2. snappyHexMeshDict

The next step is to adjust the snappyHexMeshDict, where multiple subdictionaries need to be edited and extended.

2.1 Geometry definition

As the first step, the geometry dictionary need to be updated. Since our ship is stored in a file called kcs.stl, we need to specify this.

kcs.stl
{
     type triSurfaceMesh;
     name hull;
}

Line 3 tells snappyHexMesh, that the STL file contains a triangulated surface mesh and a proper name for that geometry is assigned in line 4, which is used from now on to assign properties to that geometry.

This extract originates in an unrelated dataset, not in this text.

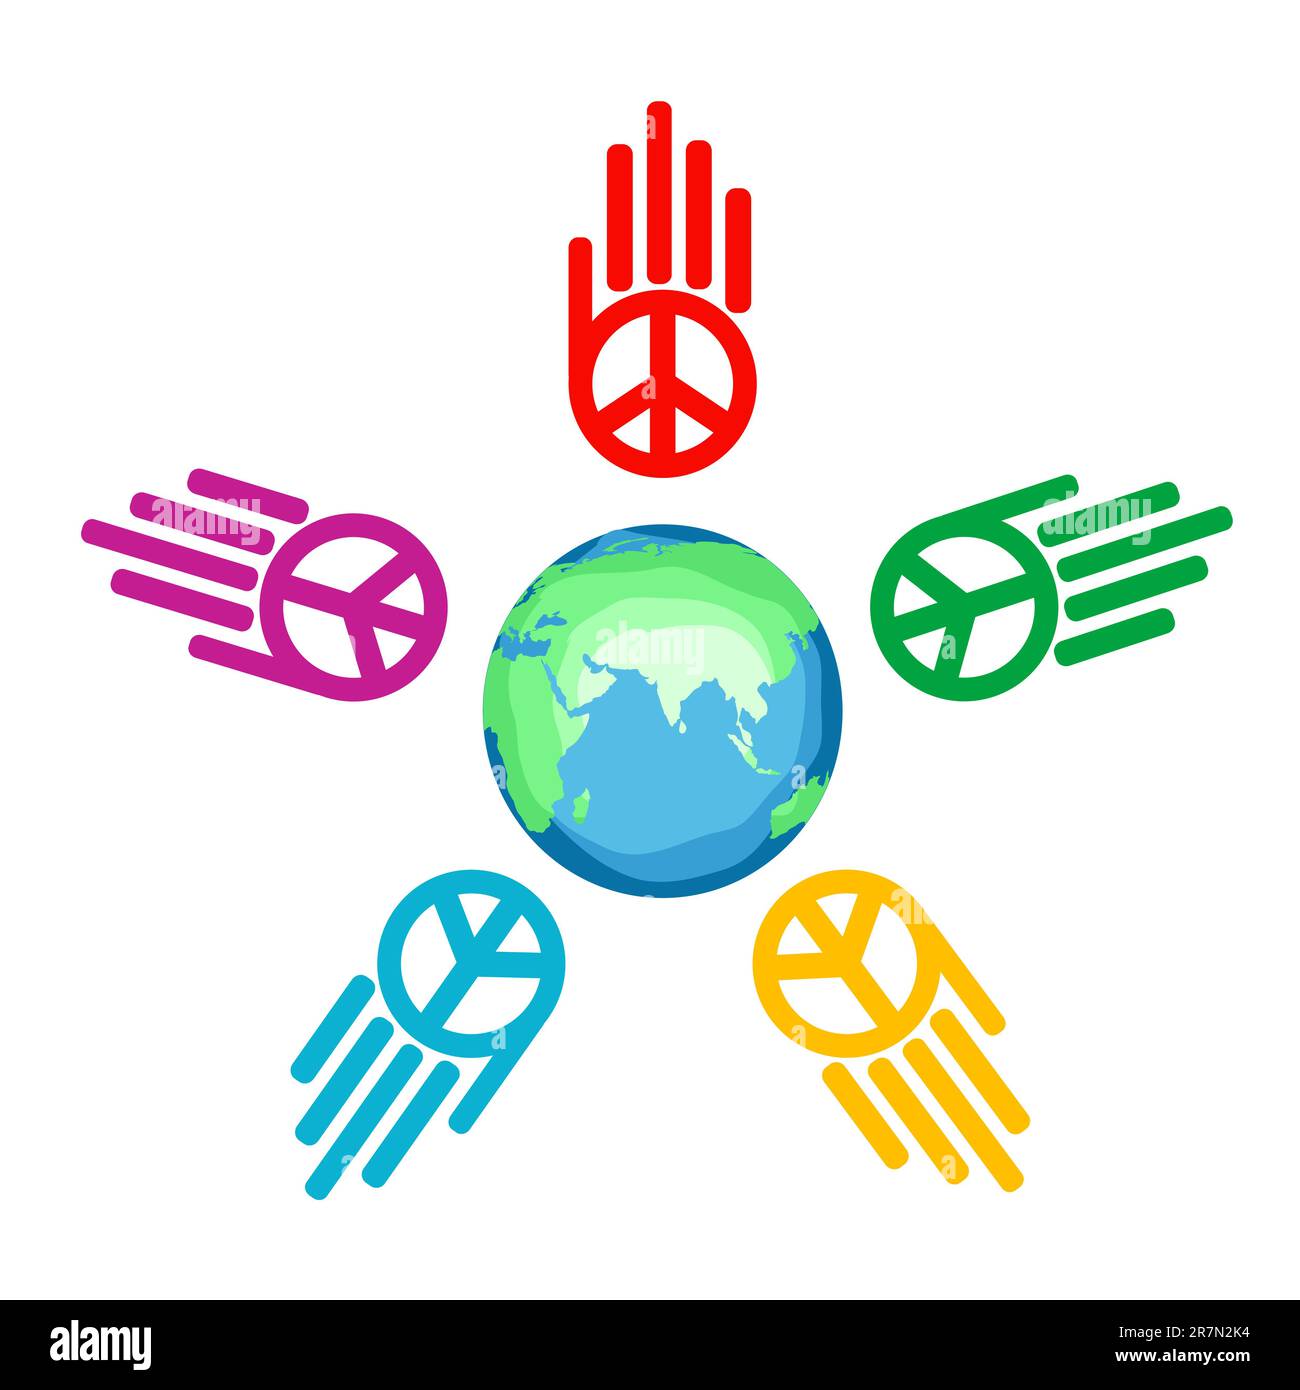 illustration of global peace on isolated background Stock Vector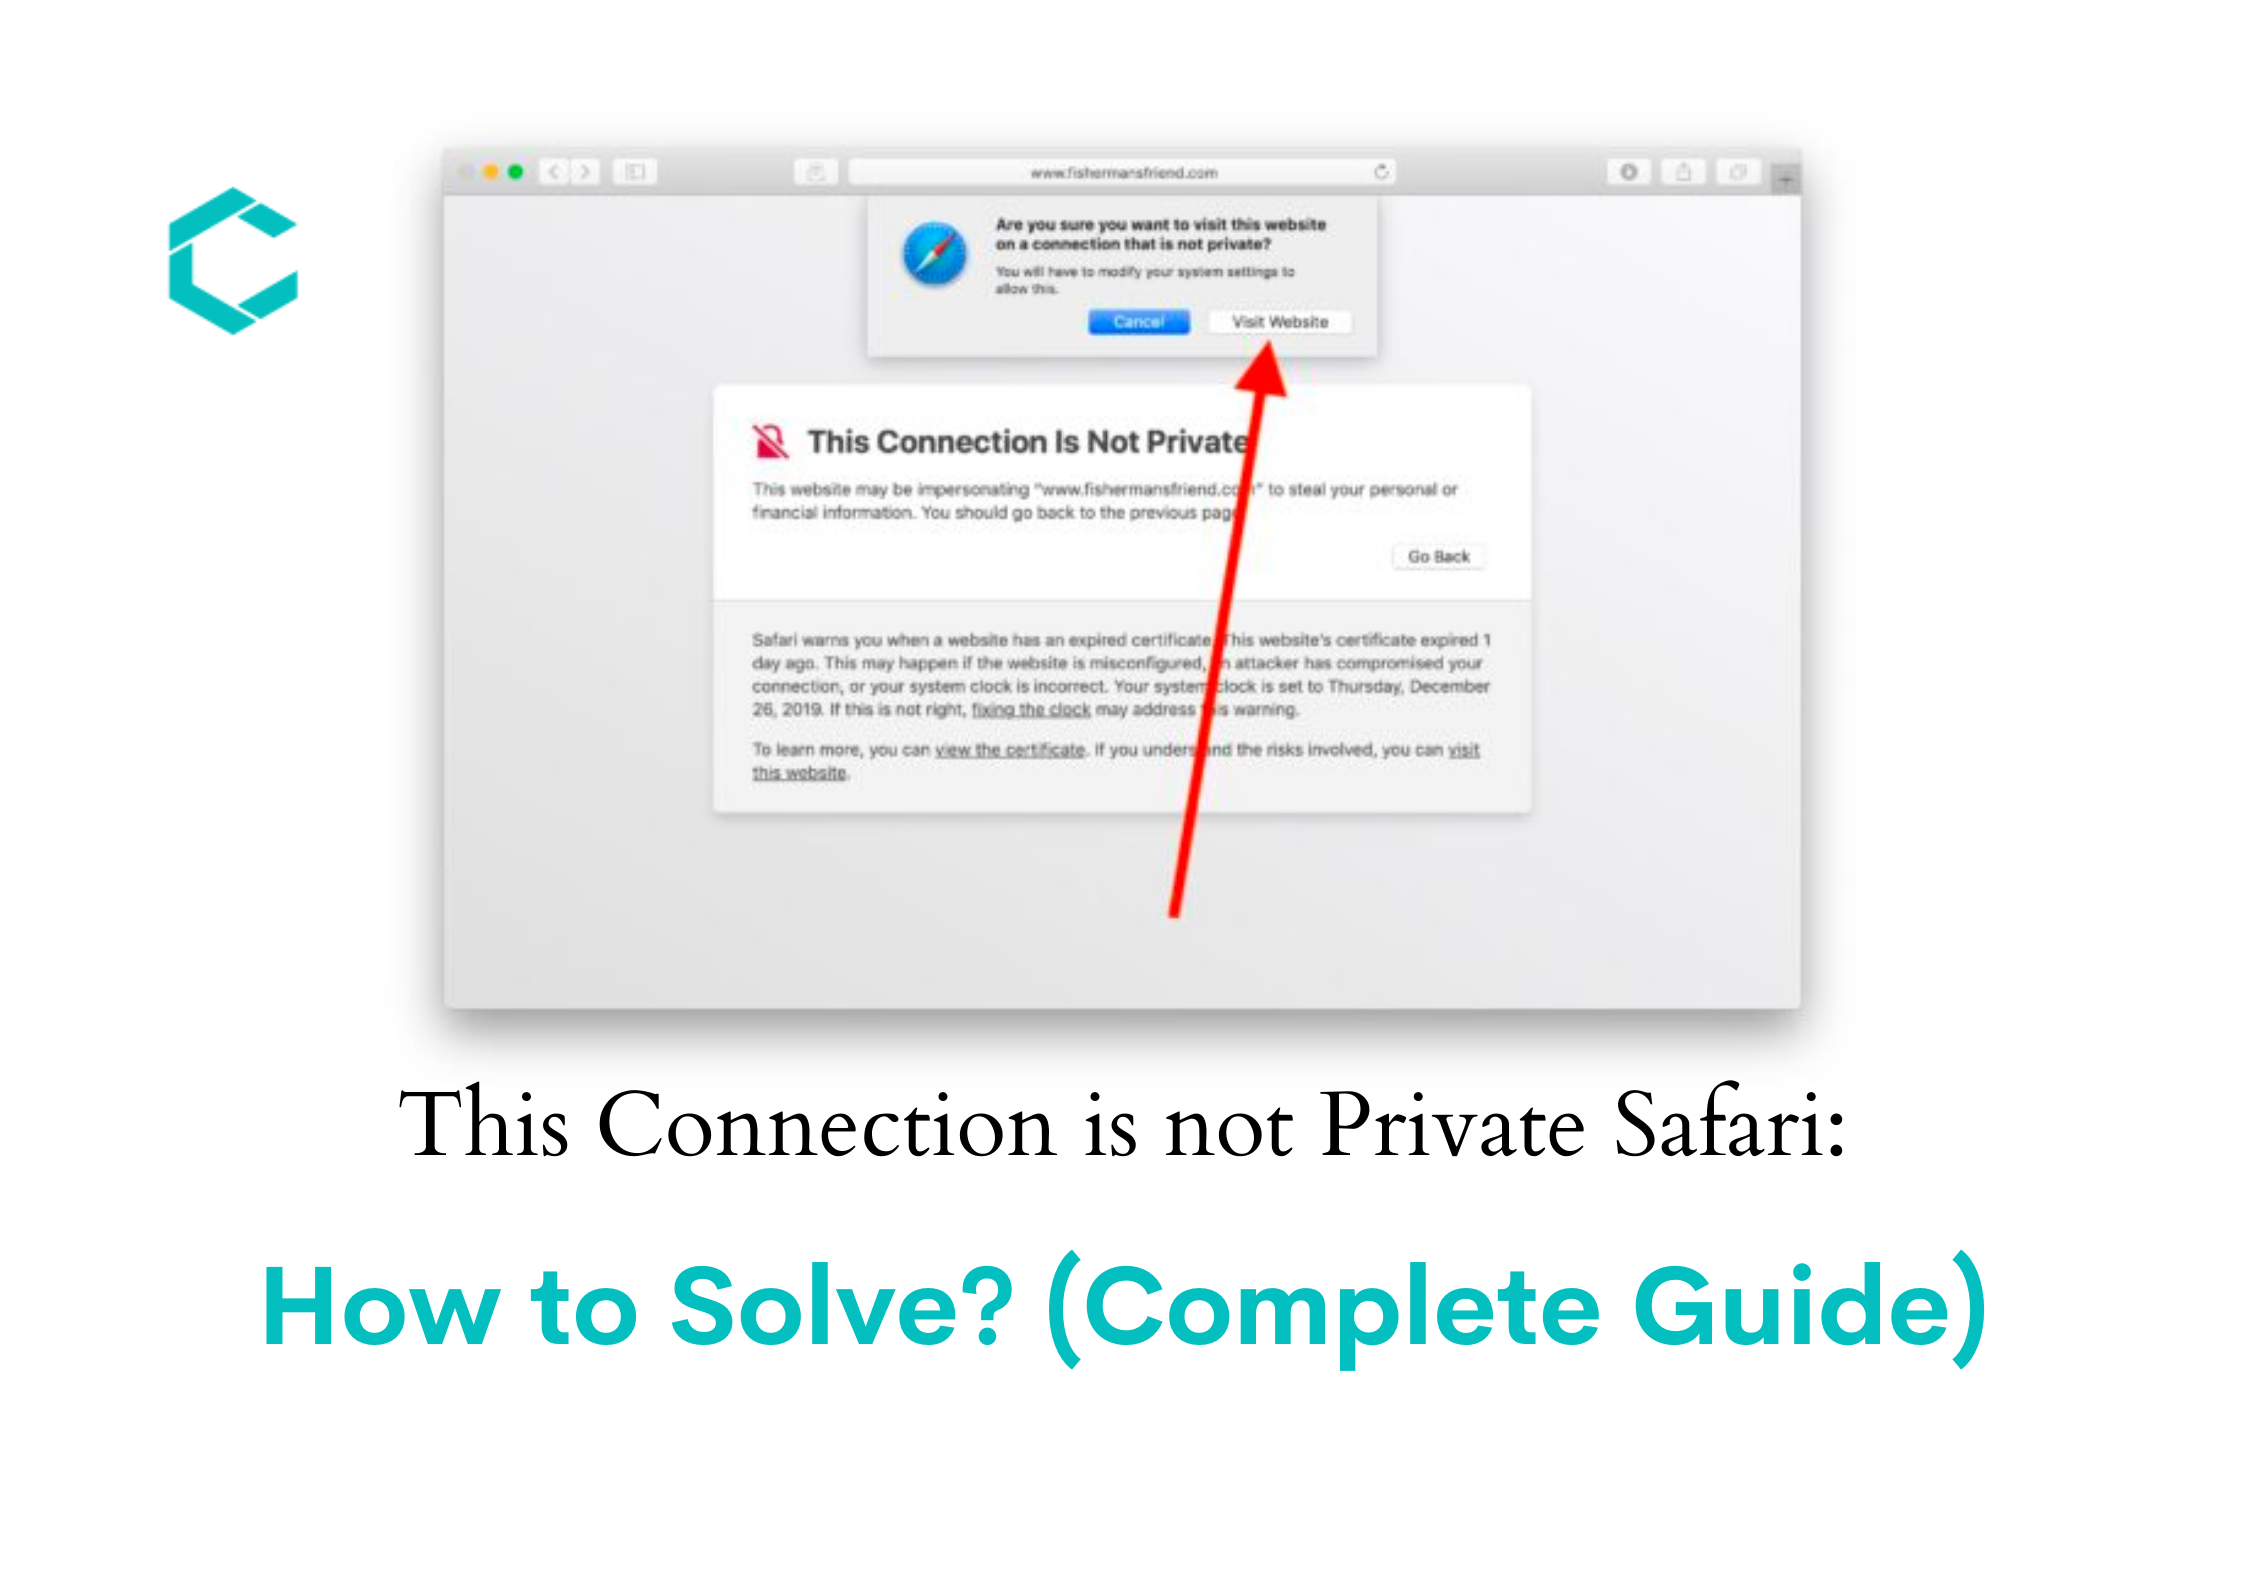 This Connection is not Private Safari

If you need to take multiple phases into account, which is the case for a ship, the area where the free surface is expected needs an additional refinement, in order to resolve the free surface properly. A refinement region is used for this purpose. Several of the so called searchableObjects are implemented in snappyHexMesh, such as

• searchableSphere
• searchableBox
• searchableCylinder
• searchablePlate

For this tutorial, a searchableBox is used exclusively and defined reading

waterlineBox
{
    type searchableBox;
    min (-50 -20 -0.1);
    max (50 20 0.1);
}

2.2 castellatedMeshControls

Up to now, snappyHexMesh does only know the location and dimensions of some surface and volume objects. For the meshing process, the level of refinement and the direction relative to the surfaces/volumes need to be specified, which is done in the castellatedMeshControls subdictionary.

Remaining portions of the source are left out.